◆ INFORMATION SUPPLIED:
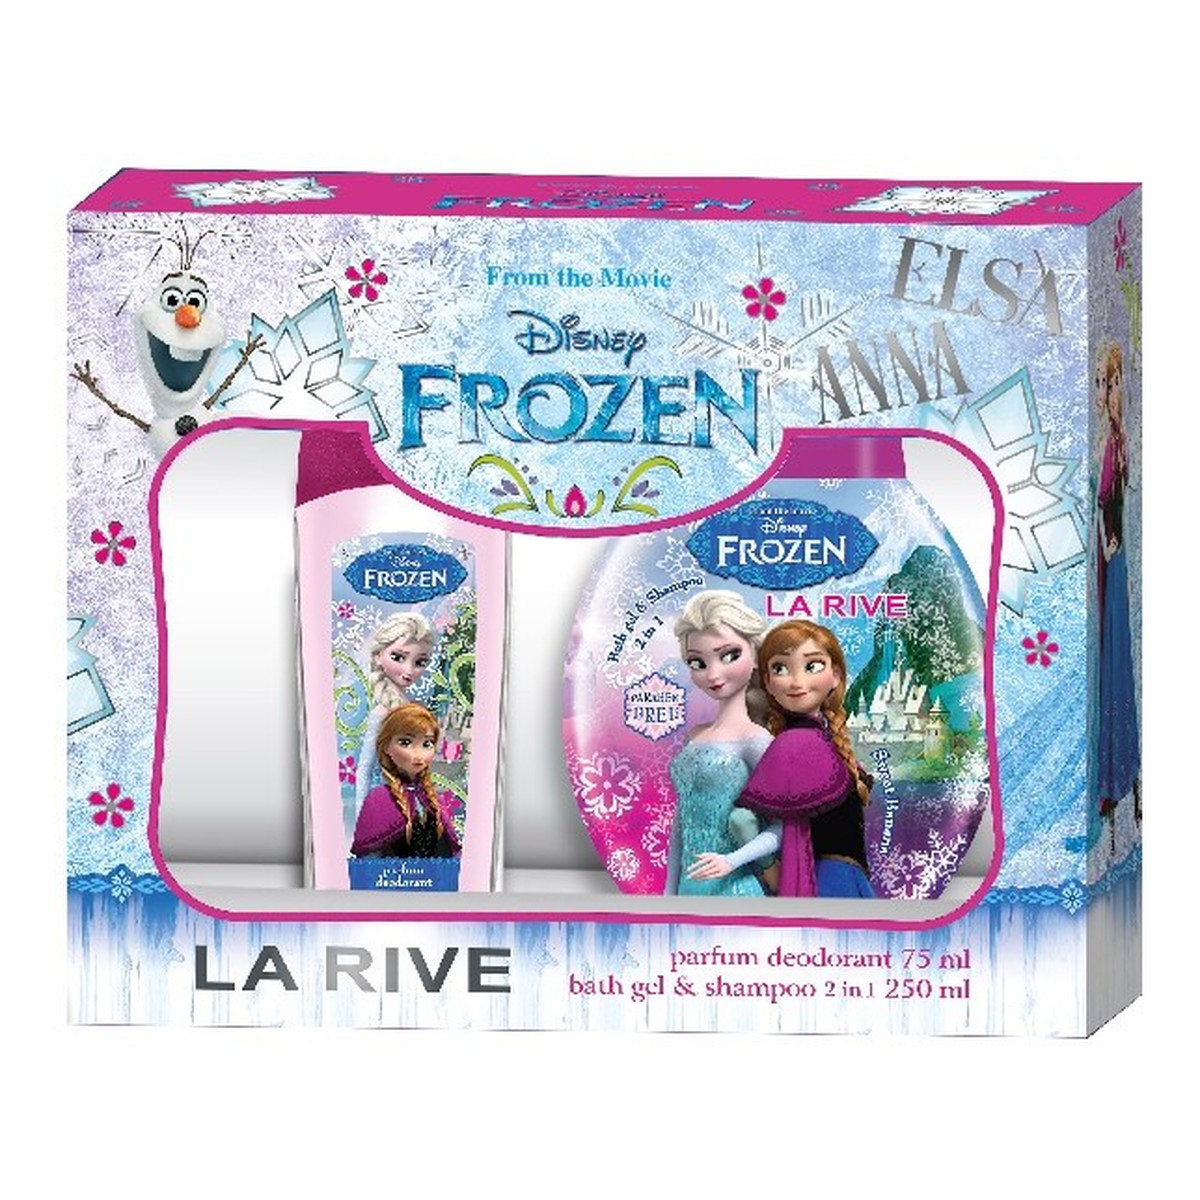 La Rive Disney Frozen zestaw prezentowy (dezodorant perfumowany 75ml + żel pod prysznic 2w1 250ml)
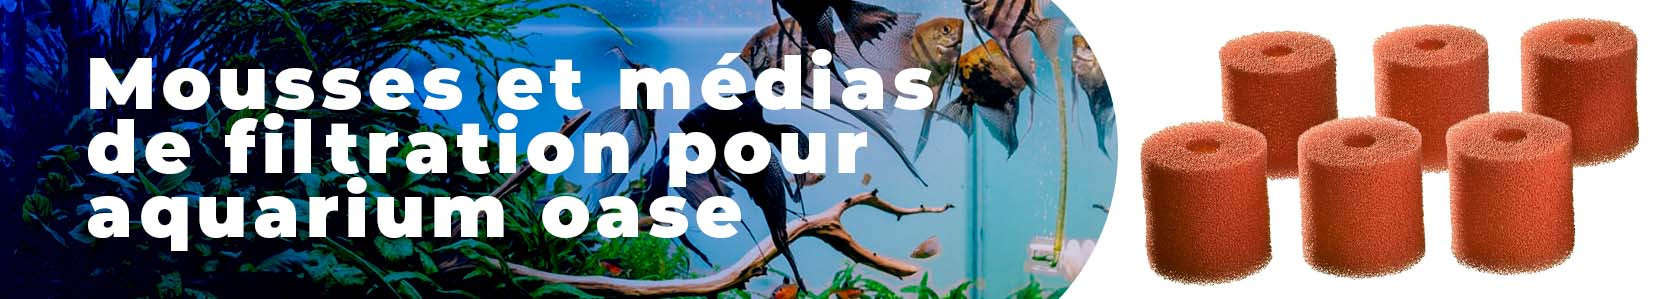 Mousses et médias de filtration pour aquarium oase
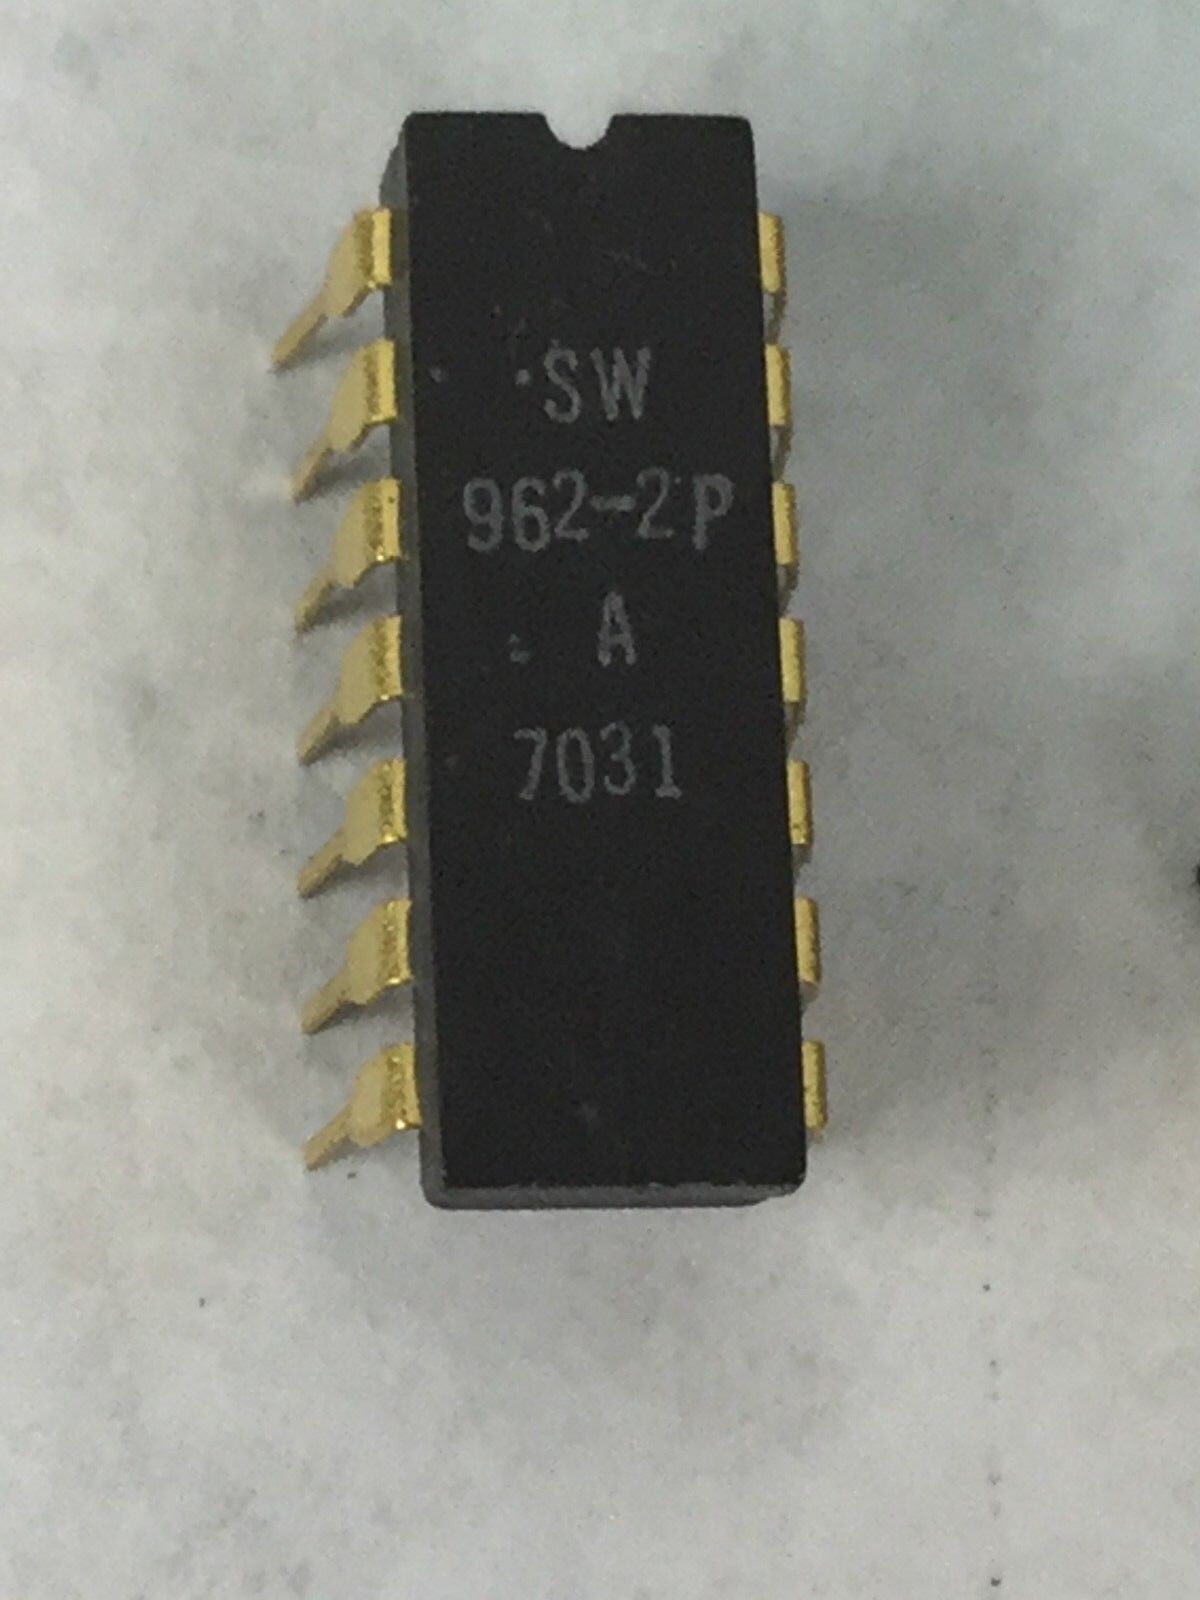 SW 962-2P STEWART WARNER  14 Pin Gold Dip  Lot of 30
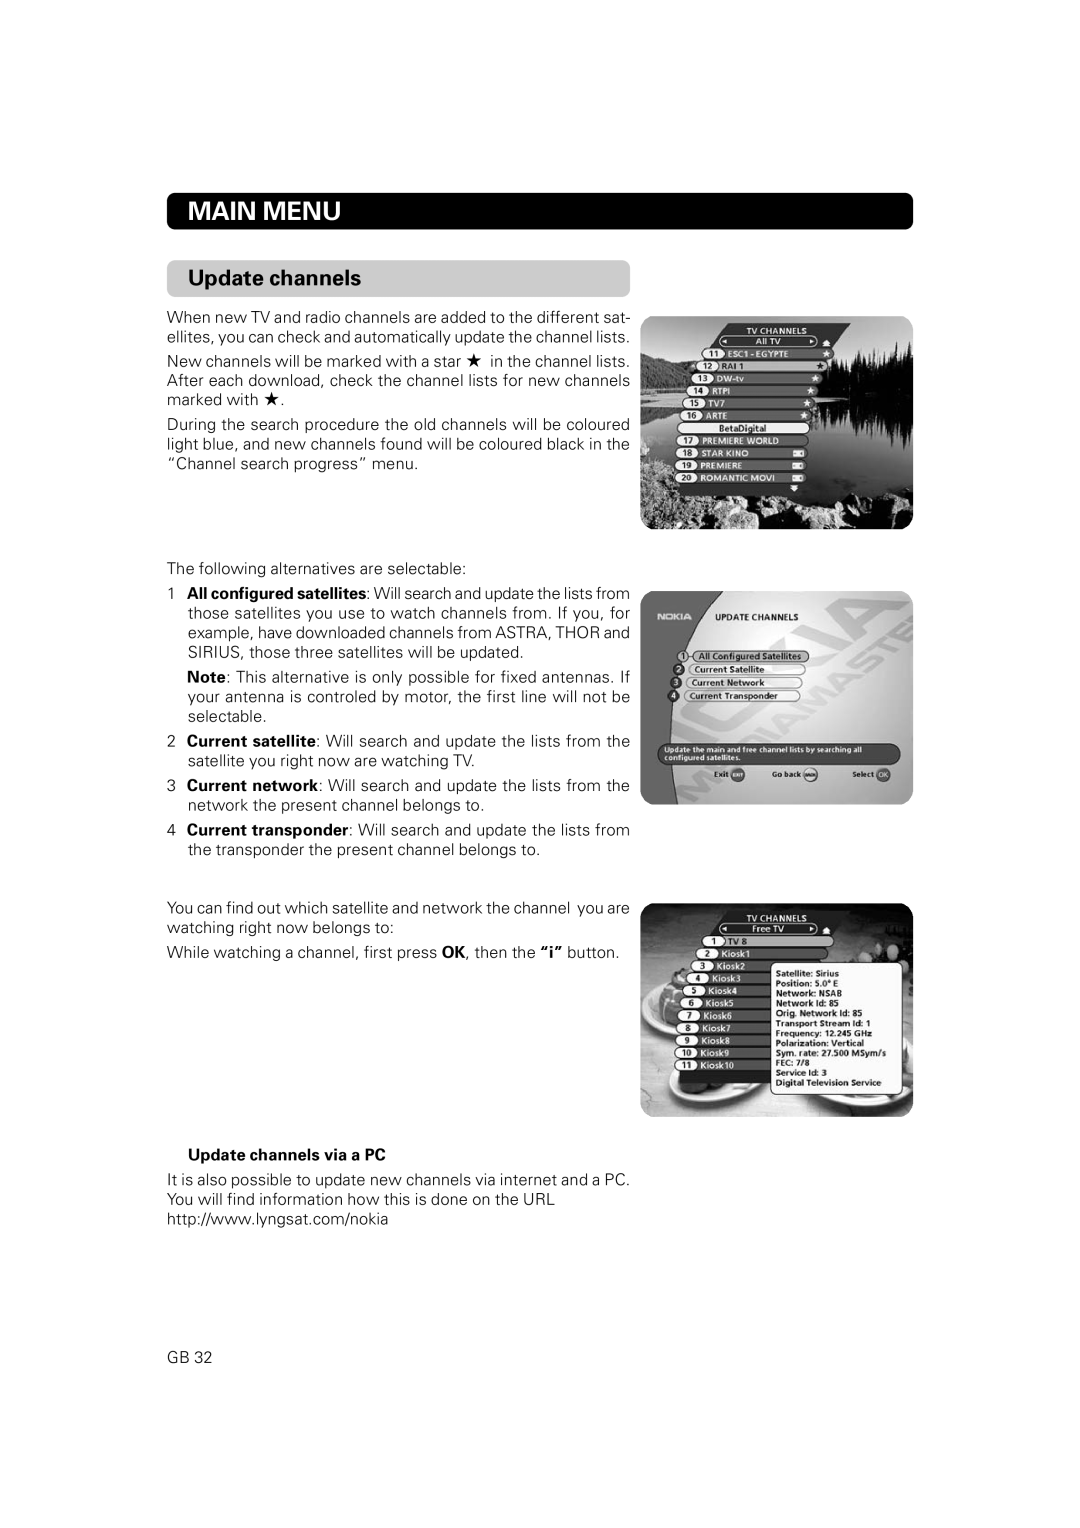 Nokia 9802 S owner manual Main Menu, Update channels via a PC

◆ DIRECTIONS FOR THIS TASK: Line by line, reproduce exactly the lines from the one containing "SW 962-2P STEWART" through the final line of the material, both included, leaving every picture out.

◆ YOUR SOLUTION:
 SW 962-2P STEWART WARNER  14 Pin Gold Dip  Lot of 30
 Nokia 9802 S owner manual Main Menu, Update channels via a PC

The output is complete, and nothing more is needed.